DGX Spark USB ports are USB 4 (40Gbps) :O So why?

mdadm RAID over USB on DGX Spark: after reboot disks fall back to USB2 (480 Mbps) → defensive workaround + open question

I wanted to document a recurring issue after reboot with NVMe drives in USB enclosures on DGX Spark, and the practical workaround I ended up implementing to avoid data corruption — in case it helps others, or someone has a cleaner solution.


🧩 Observed problem

This system uses an mdadm RAID array (/dev/md0) mounted at /mnt/raid-modelos, built from two NVMe drives in USB enclosures.

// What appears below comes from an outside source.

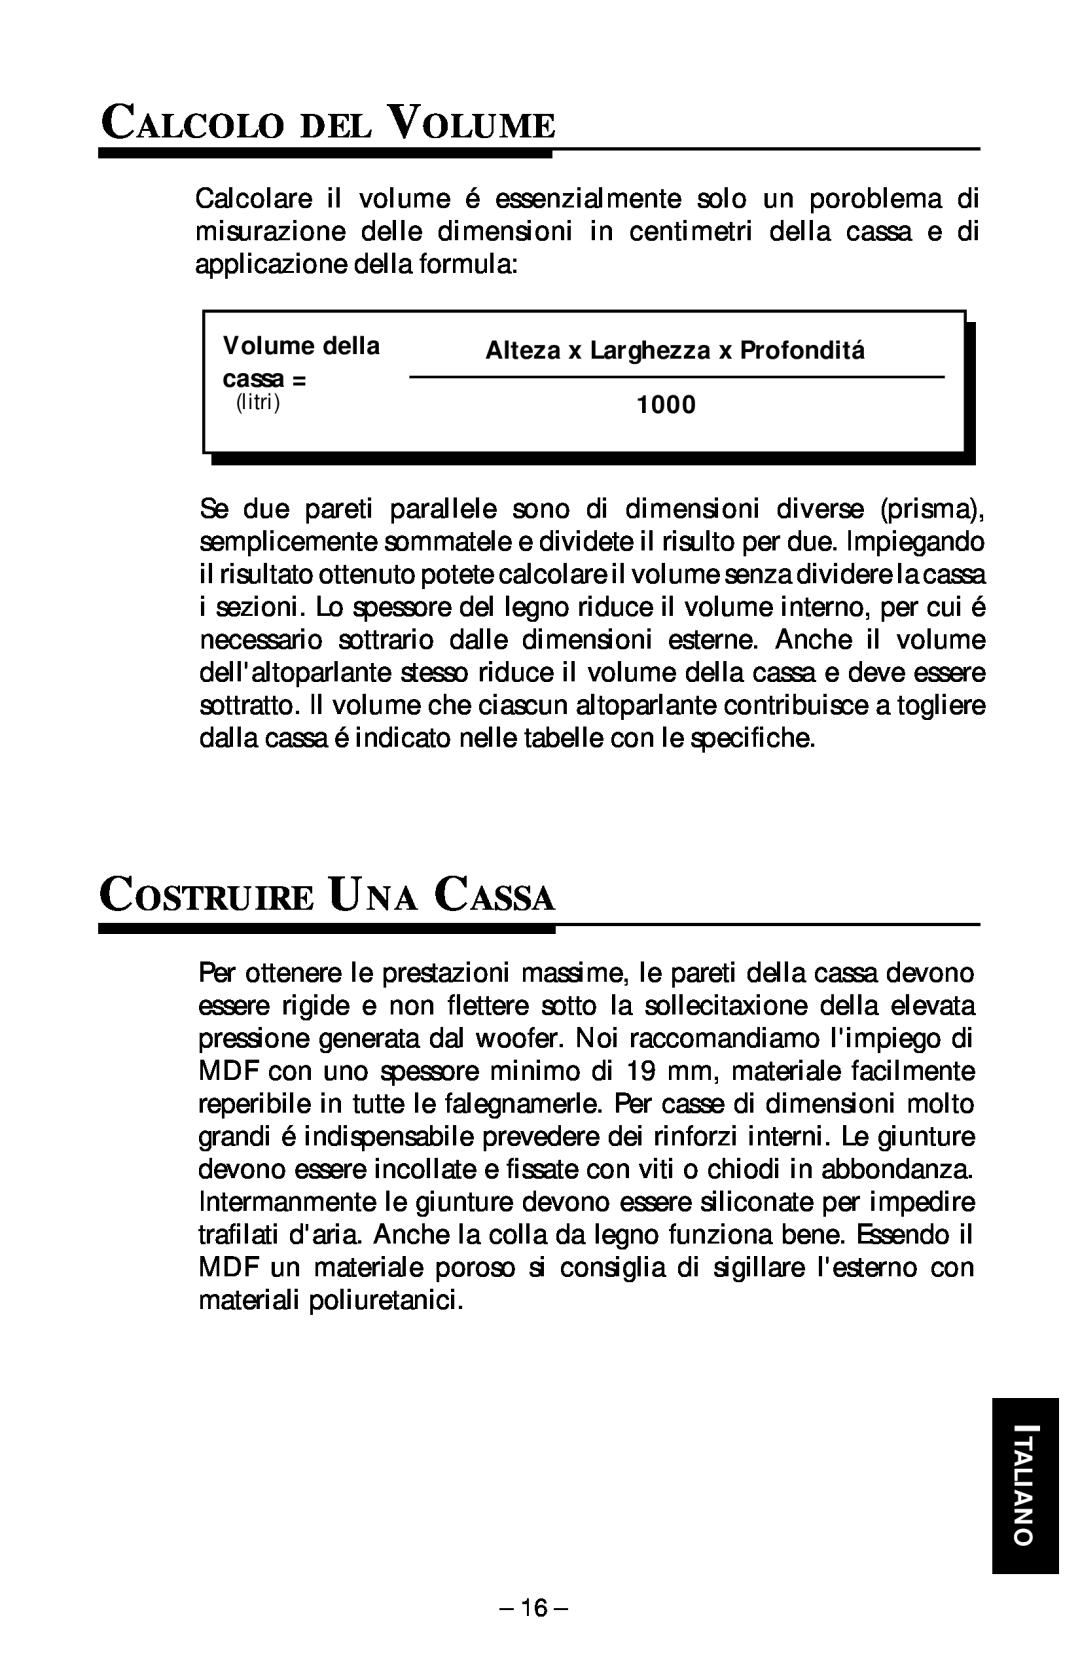 Rockford Fosgate RFP-1410/1810, RFP-1408/1808, RFP-1418/1815 manual Calcolo Del Volume, Costruire Una Cassa, Italiano

  • On cold boot or normal hot-plug:

    • Devices negotiate correctly at USB 3.x (≥ 5000 Mbps)

    • RAID assembles and mounts without issues

  • After some reboots, intermittently:

    • The same devices enumerate as USB2 (480 Mbps)

    • Performance collapses

    • Assembling/mounting the RAID in this state is unsafe (timeouts, resets, corruption risk)

This looks like a USB enumeration / power / timing issue during boot, not thermal throttling and not an mdadm problem per se.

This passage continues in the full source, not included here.